**Assignment**
Skip the pictures. Give all the data again exactly.

───── Data provided ─────

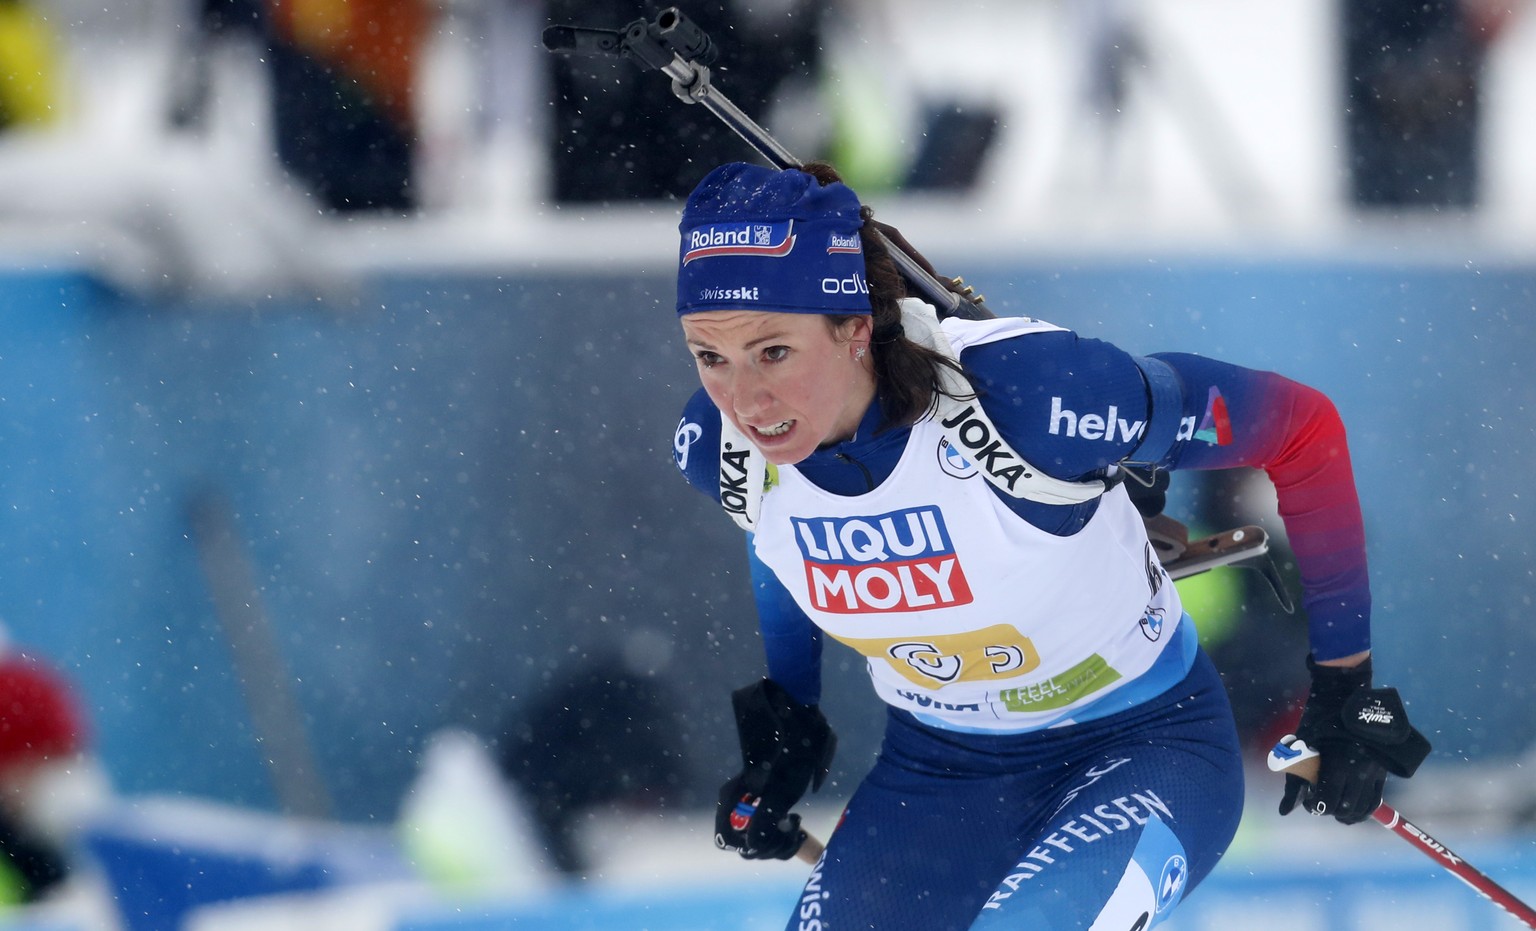 Biathlon-Olympiamedaillengewinnerin Selina Gasparin zählt auch als Mutter noch zur erweiterten Weltspitze.
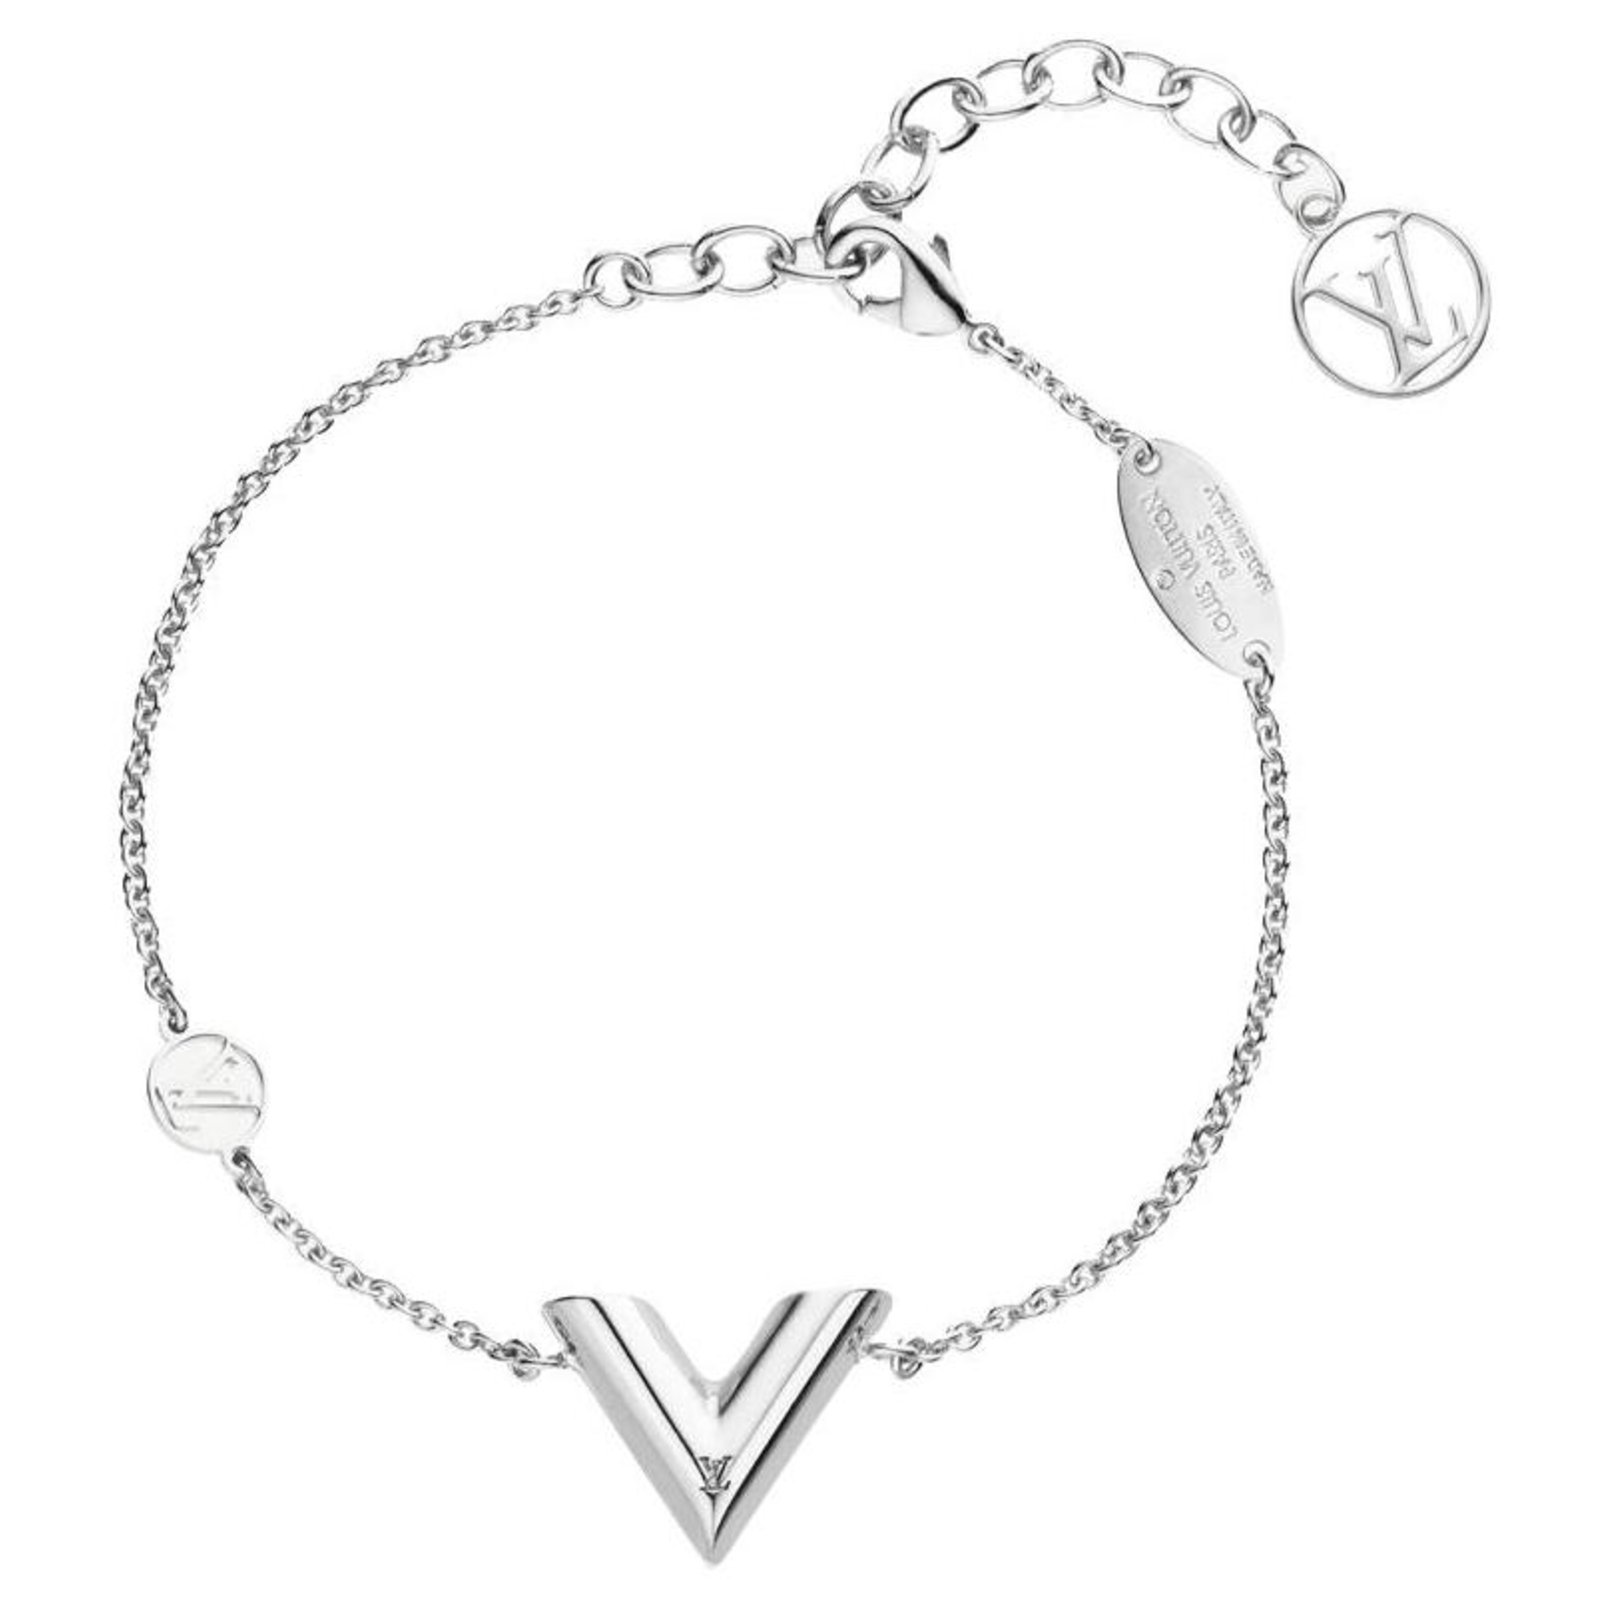 Louis Vuitton Armbänder aus Metall - Silber - 36249753
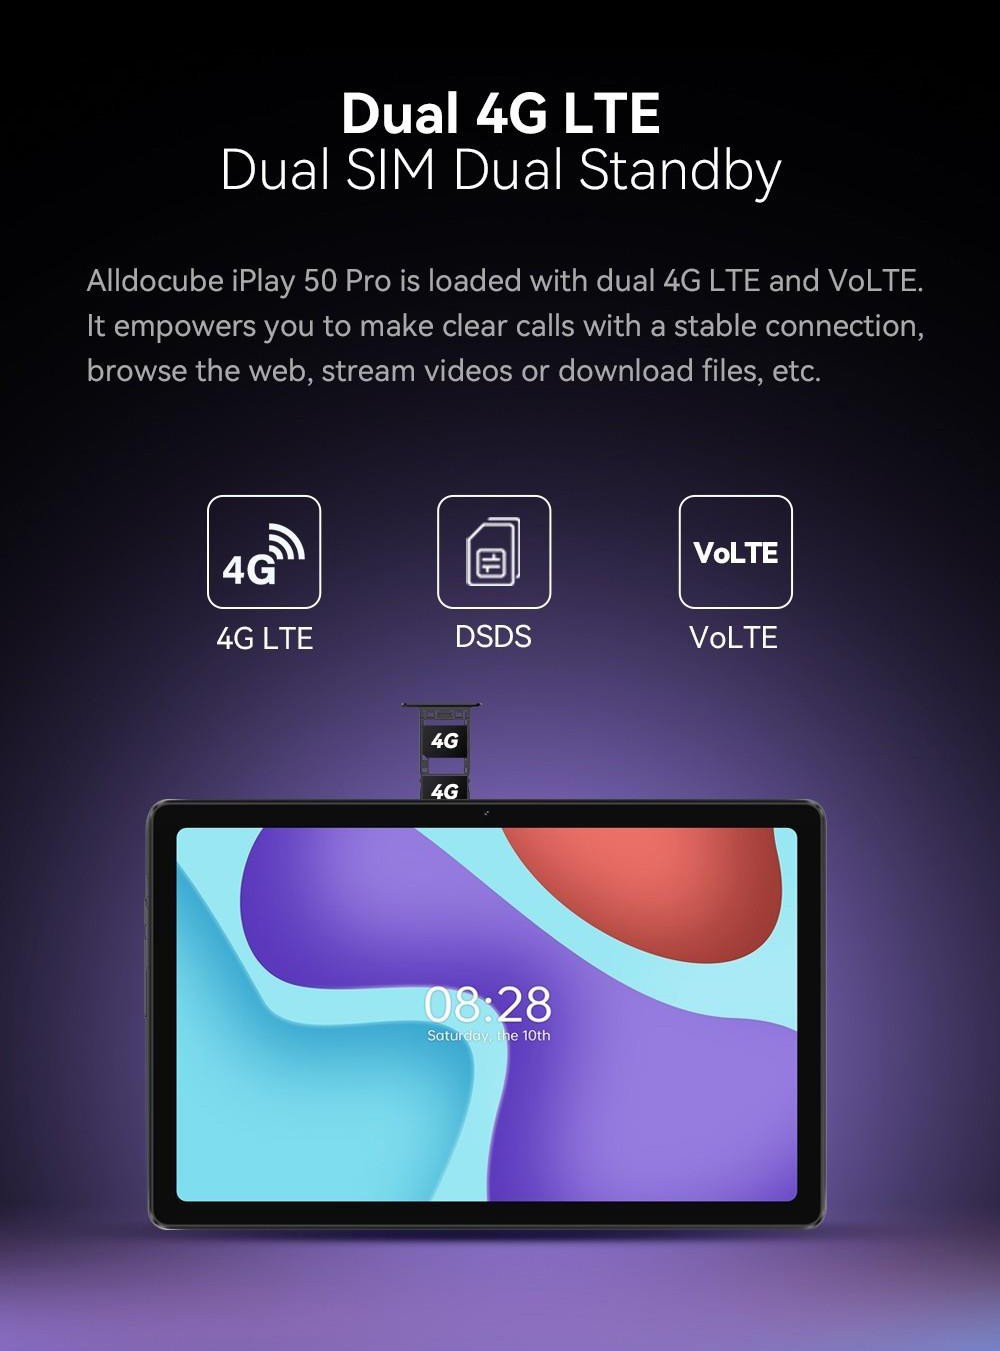 tablette ALLDOCUBE iPlay 50 Pro 10.4

─────

**Worked solution**
 Biathlon-Olympiamedaillengewinnerin Selina Gasparin zählt auch als Mutter noch zur erweiterten Weltspitze.
 Louis Vuitton Armbänder aus Metall - Silber - 36249753
 tablette ALLDOCUBE iPlay 50 Pro 10.4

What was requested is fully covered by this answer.